The buttonState event is the primary way to sync your UI with the agent’s status.

// Track state locally to prevent double-clicks during loading
let currentButtonState: string = 'idle';

client.on('buttonState', (state) => {
  console.log('Current State:', state);
  currentButtonState = state;
  
  // state can be:
  // 'idle'          - Disconnected, ready to start
  // 'loading'       - Connecting to server (Disable button!)
  // 'active'        - Connected, listening for user speech
  // 'speaking'      - Agent is currently talking
  // 'rag-retrieval' - Agent is searching knowledge base
  // 'error'         - Connection failed
  
  updateMyCustomButton(state);
});

You are responsible for implementing updateMyCustomButton(state) to update your own DOM / framework components.

2. Start and end sessions

Control the connection manually using initialize(), startChat(), and endChat().

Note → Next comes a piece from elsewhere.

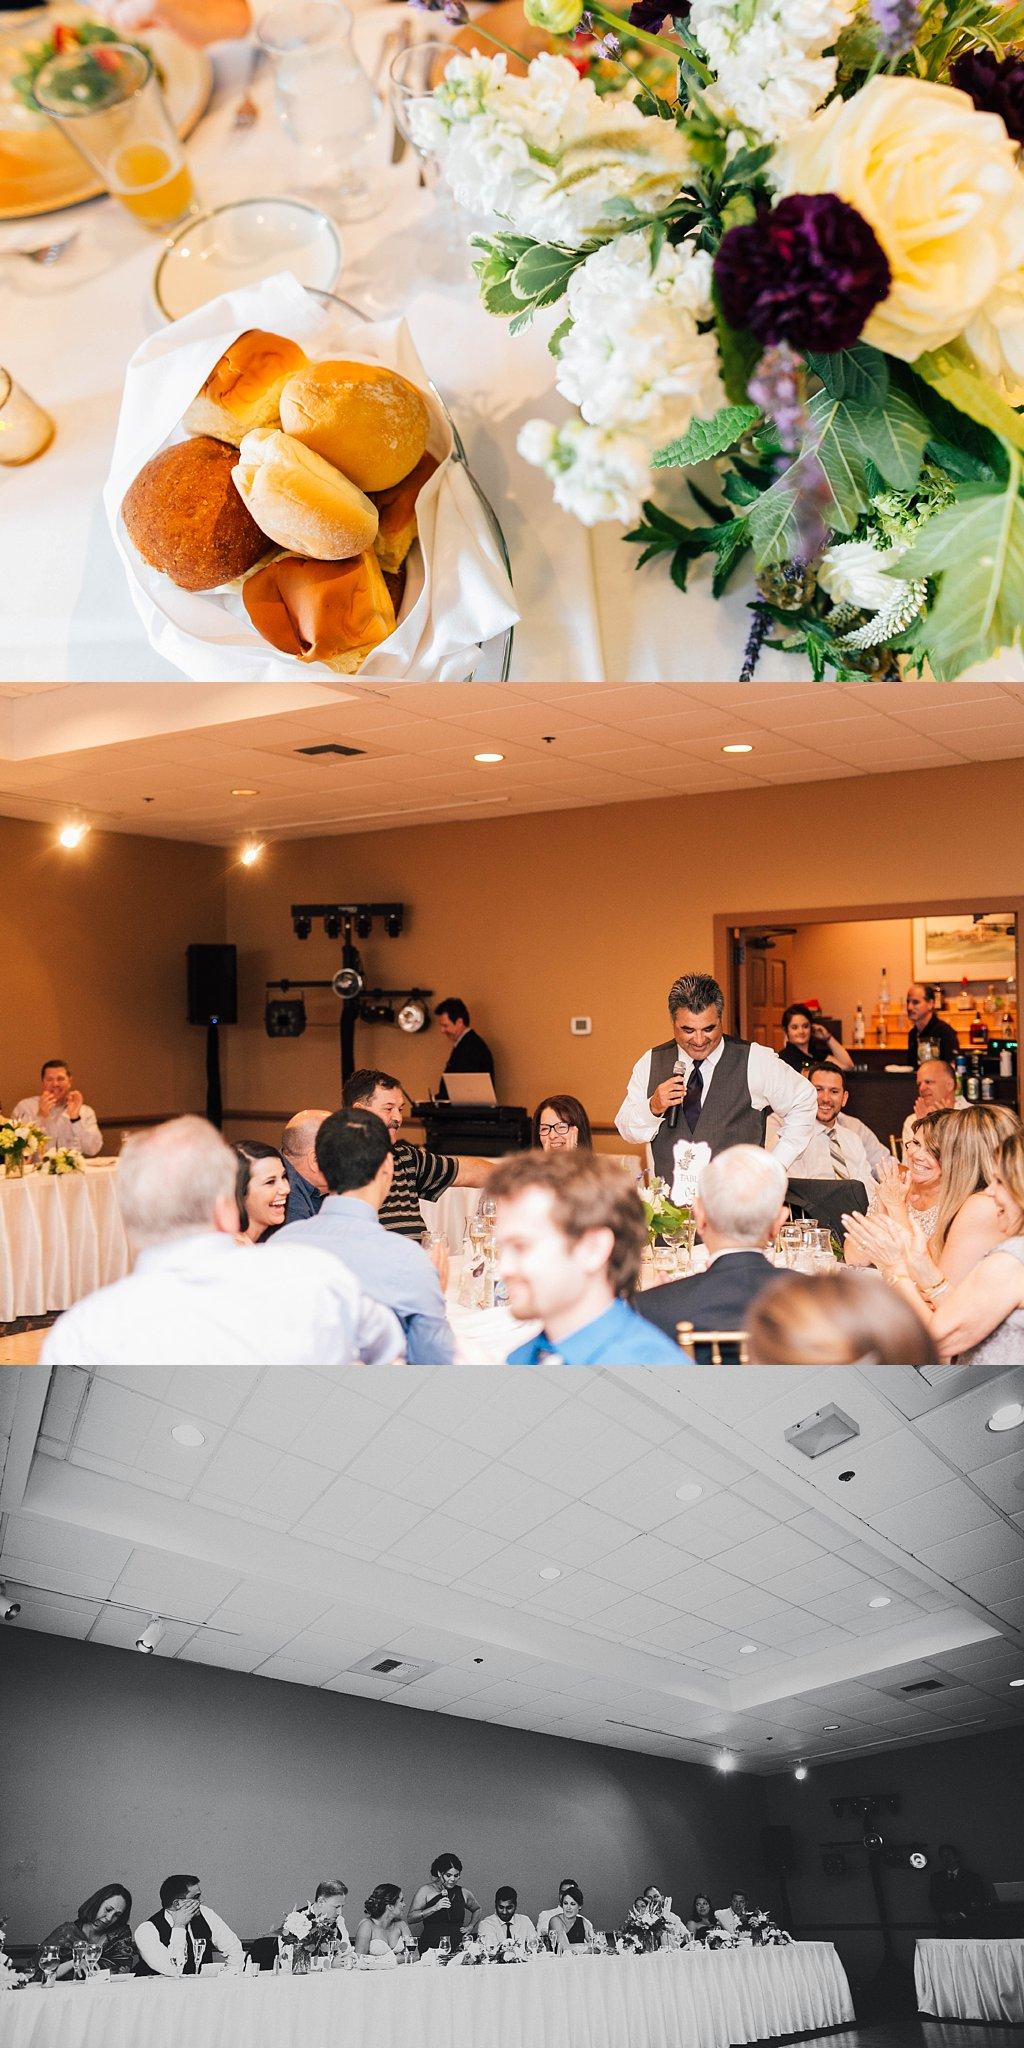 ashley_vos_seattle_wedding_photographer_0099.jpg

Note: Always call initialize() before startChat() when starting a new session. This ensures you generate a fresh authentication token for the voice connection.

// Function to handle your custom button click
async function toggleChat() {
  // UX Safeguard: Prevent interaction while connecting/disconnecting
  if (currentButtonState === 'loading') return;

  if (client.isActive) {
    // Hang up
    await client.endChat();
  } else {
    // Start session
    try {
      // 1. Initialize (fetches fresh config & token, prepares audio)
      await client.initialize();
      // 2. Connect to Realtime API
      await client.startChat();
    } catch (err) {
      console.error('Failed to start chat:', err);
    }
  }
}

Wire this toggleChat() function to any button, icon, or control in your UI.

Example: Custom ringtone

You can easily add custom audio feedback, like a ringtone that plays while connecting and stops when the session starts (or fails).

const ringtone = new Audio('/path/to/ringtone.mp3');
ringtone.loop = true;

// 1. Play ringtone when user clicks start
async function startCallWithRingtone() {
  try {
    ringtone.currentTime = 0;
    await ringtone.play(); // Start playing immediately
    
    await client.initialize();
    await client.startChat();
  } catch (err) {
    console.error('Failed to connect:', err);
    // Ensure ringtone stops if initial connection fails
    ringtone.pause();
    ringtone.currentTime = 0;
  }
}

// 2. Stop ringtone on successful connection
client.on('session:start', () => {
  ringtone.pause();
  ringtone.currentTime = 0;
  console.log('Call connected!');
});

// 3. Stop ringtone on error
client.on('error', (err) => {
  ringtone.pause();
  ringtone.currentTime = 0;
  console.error('Connection error:', err);
});

Example: Displaying transcripts

You can listen to the transcript event to build a real-time chat interface. The SDK emits events for both the user and the assistant as they speak.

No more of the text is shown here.